This progress is because North Carolina is bloody amazing on rail. They are the most pro-passenger-rail state in the nation, and their Department of Rail -- with full government support -- has been basically pushing SEHSR continuously, and almost singlehandedly, for years. Virginia has sort of been dragged along in their wake! The Virginia-end upgrades which have actually been funded are mainly being made for the benefit of the commuter service, VRE, but the SEHSR people have managed to integrate plans with VRE so that the VRE upgrades will be suitable to provide capacity and speed for the future HSR.
Meanwhile, NC has taken the lead in doing the studies even for the Virginia portion of the track from Raleigh to Richmond. Their stated intent is to design the rebuilt line to the highest feasible track speeds which don't require massive extra civil engineering.
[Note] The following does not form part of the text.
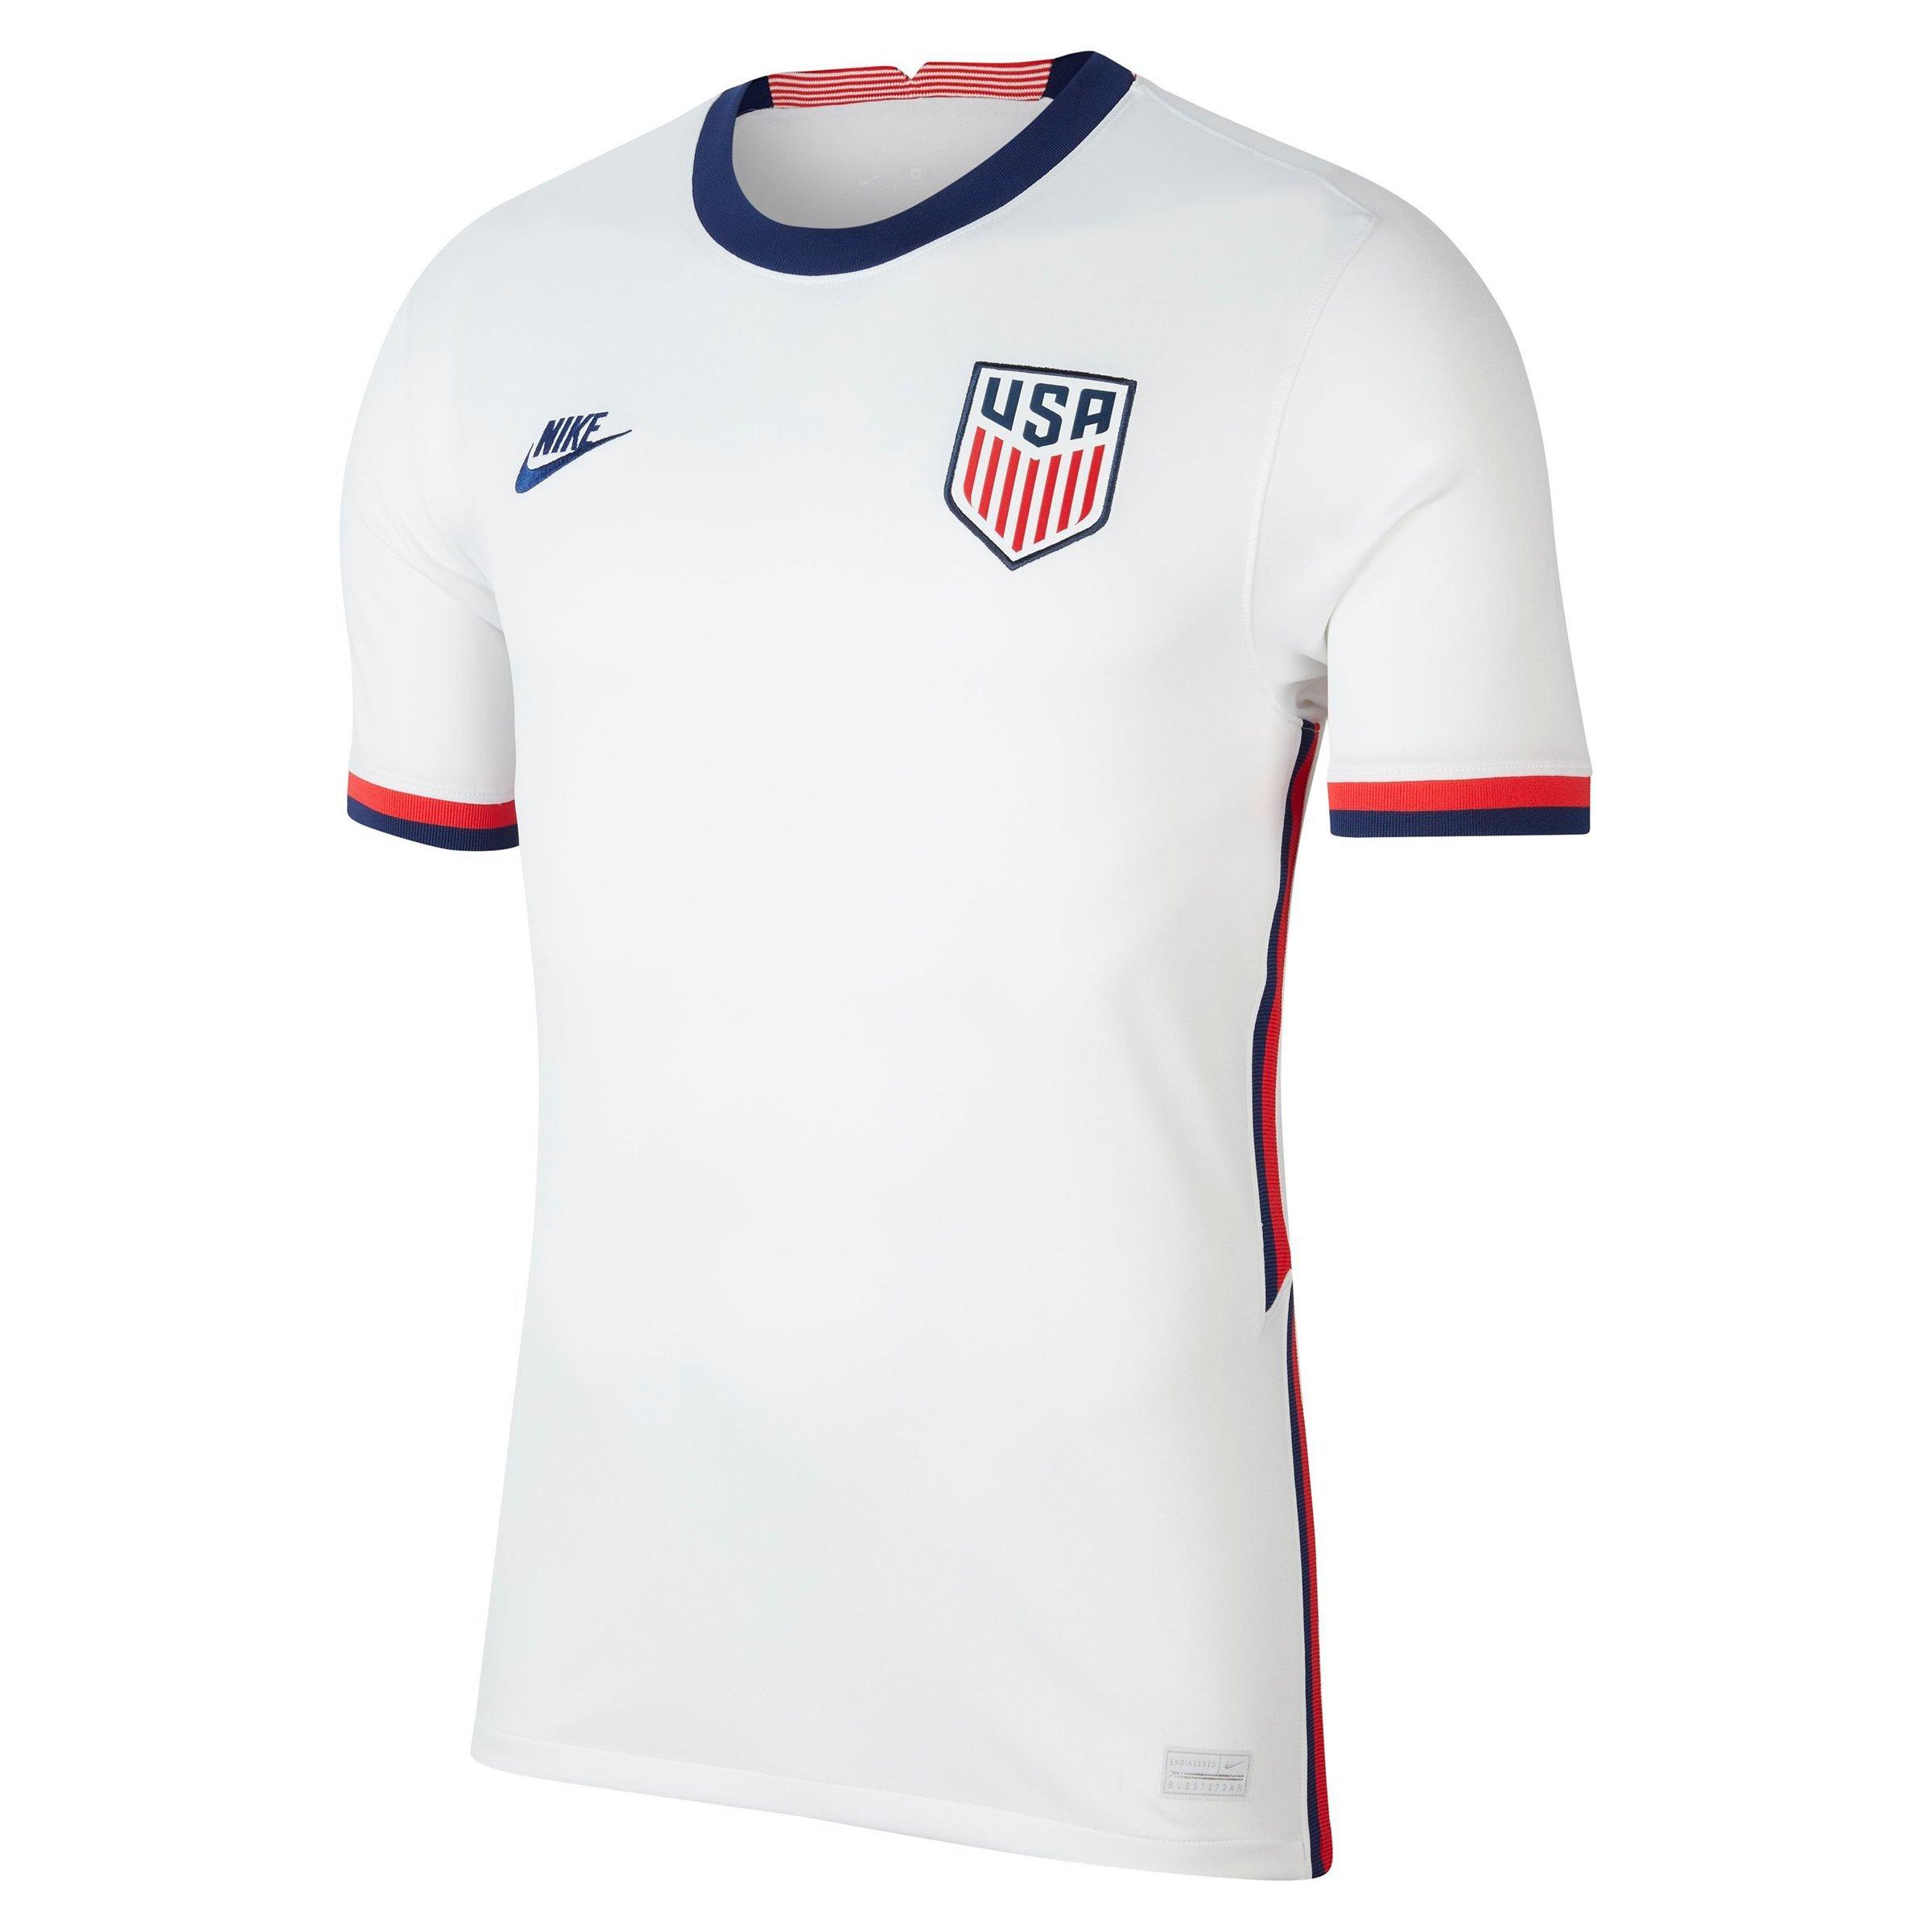 us soccer 2020 jersey

The target of 110mph max is planned largely because of train equipment and signalling -- but they want the line to be ready for future speed increases. Don't be fooled; 110 is an interim goal for the far-seeing NC Department of Rail, not a final goal. It was decided (probably correctly) that a good track alignment was priority one, and they've been pouring money into curve straightening even on the currently-operating segments like the NCRR.
Unfortunately service from Fredericksburg to Richmond to Petersburg is sort of getting the short end of the stick -- largely designed, just unfunded by Virginia -- and I'd be surprised if Virginia actually ponied up its full share of the money for the Petersburg-NC border segment, barring a change of government. I think NC, unlike some states, is legally able to spend some of its money on the other side of the border, so they may do so (better connections from NC to Virginia and DC give more value to NC than to Virginia).